With yesterday’s passage of the “Baucus Plan”, the Senate Finance Committee confirmed something we all (well most of us) have known all along.

The call for “Health care reform” in the United States amounts to nothing more than a massive middle-class tax hike. Take these inconvenient truths into account:

To avoid the fate of the House bill and achieve a veneer of fiscal sensibility, the Senate did three things: It omitted inconvenient truths, it promised that future Congresses will make tough choices to slow entitlement spending, and it dropped the hammer on the middle class.

The only way they could get this “plan” through committee was to leave out all of the details, promising that those details will be filled in, in the future. Since when do we create fill in the blank legislation? I know Mad-Libs are popular, but who knew that the U.S. Senate depended on them?

One inconvenient truth is the fact that Congress will not allow doctors to suffer a 24% cut in their Medicare reimbursements. Senate Democrats chose to ignore this reality and rely on the promise of a cut to make their bill add up. Taking note of this fact pushes the total cost of the bill well over $1 trillion and destroys any pretense of budget balance.

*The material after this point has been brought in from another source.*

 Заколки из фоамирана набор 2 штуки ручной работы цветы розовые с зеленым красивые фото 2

This one simple truth makes it impossible for President Obama to sign the final legislation. Remember, he said he would not sign any health care legislation that added to the federal deficit. They’re going to be pretty hard pressed to fund a $1 trillion health plan without touching the deficit.

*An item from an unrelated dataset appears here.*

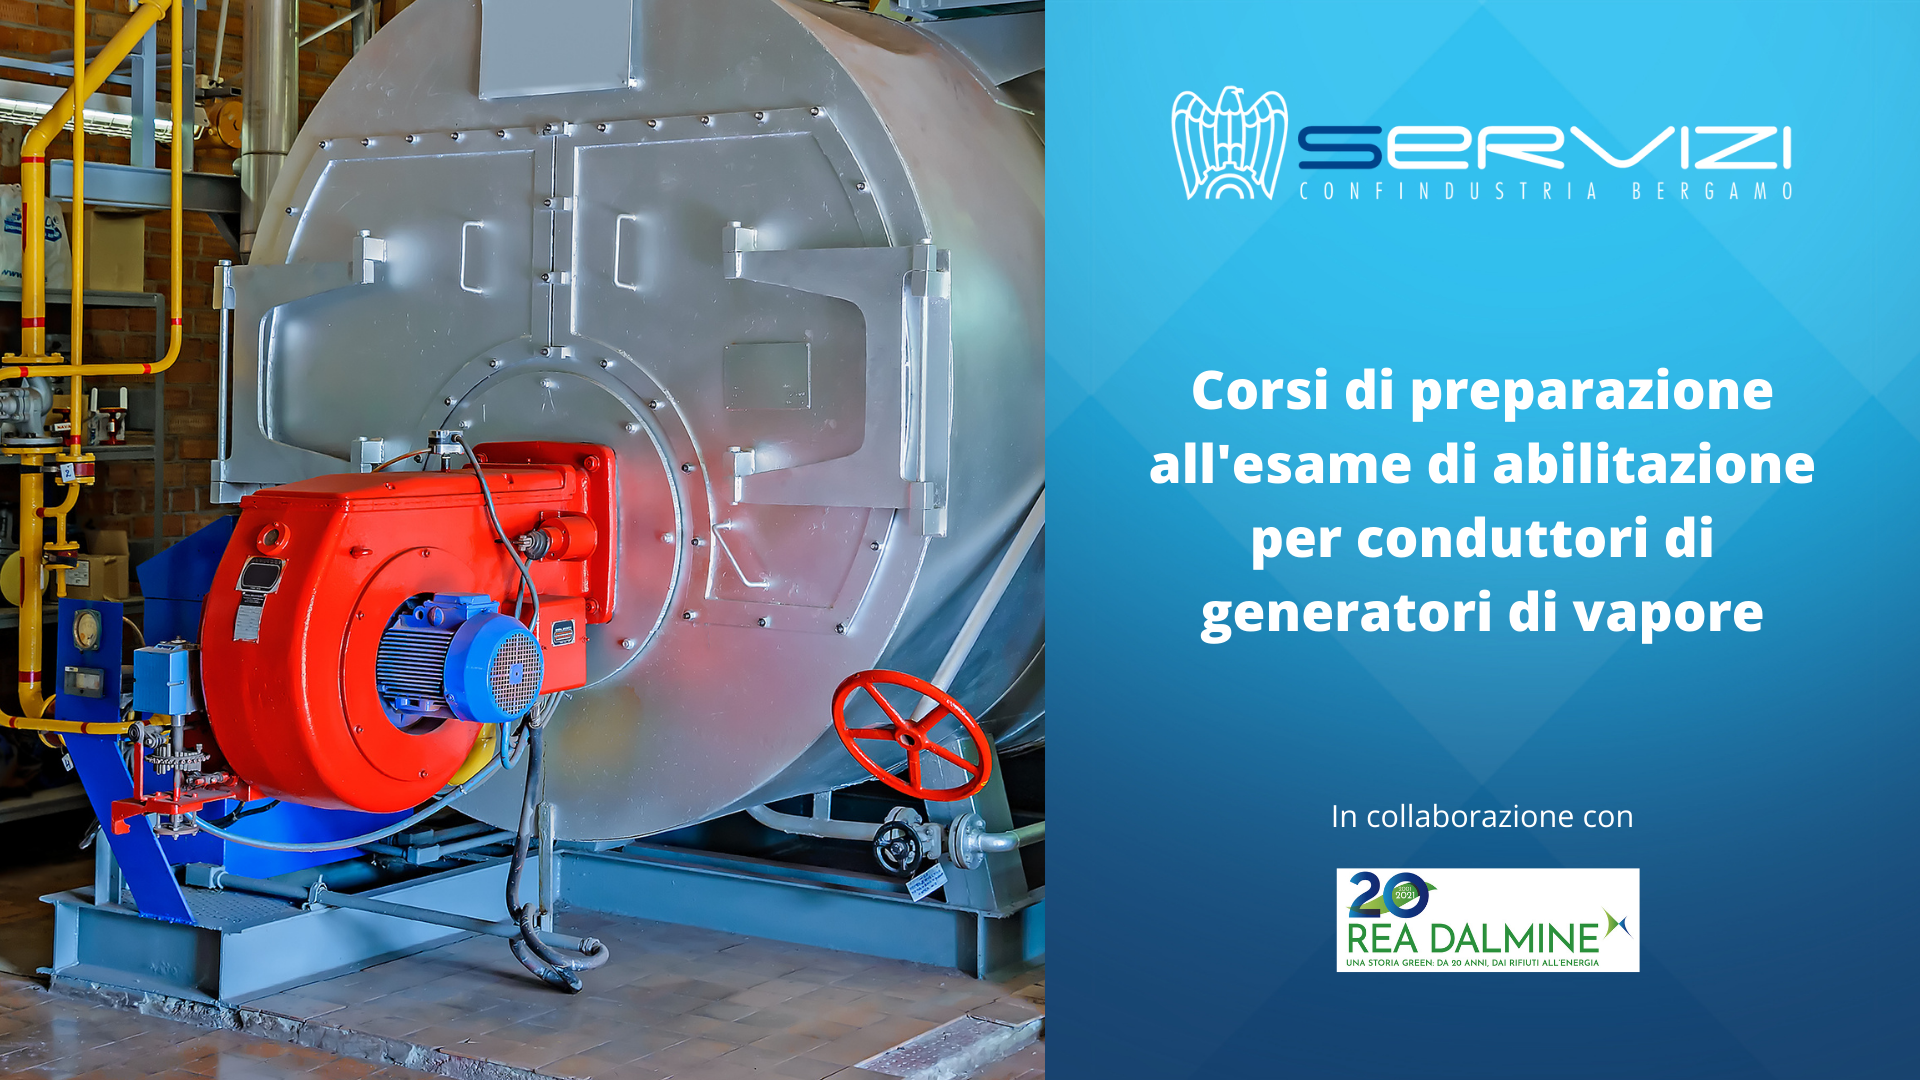 Conduttori Generatori Vapore Servizi Confindustria Bergamo

Oh, and remember when President Obama promised there would be no new taxes for anyone making less than $200,000?

Most astounding of all is what this Congress is willing to do to struggling middle-class families. The bill would impose nearly $400 billion in new taxes and fees. Nearly 90% of that burden will be shouldered by those making $200,000 or less.

But the economics are clear. These costs will be passed on to consumers by either directly raising insurance premiums, or by fueling higher health-care costs that inevitably lead to higher premiums. Consumers will pay the excise tax on high-cost plans. The Joint Committee on Taxation indicates that 87% of the burden would fall on Americans making less than $200,000, and more than half on those earning under $100,000.

Whoops. That’s gotta hurt. It’s amazing to watch Congress go through all these motions when it’s clear they have no intention of actually reforming health care in the first place. Did you know the CBO has estimated that by 2019, the “Baucus Plan” would leave approximately 25 million people without health insurance?

Like I said, this is less about health care reform and more about authorizing higher taxes on those who can least afford it. If they really want to reform health care why not make medicare/medicaid available to everyone who needs it? Wouldn’t that guarantee coverage for everyone?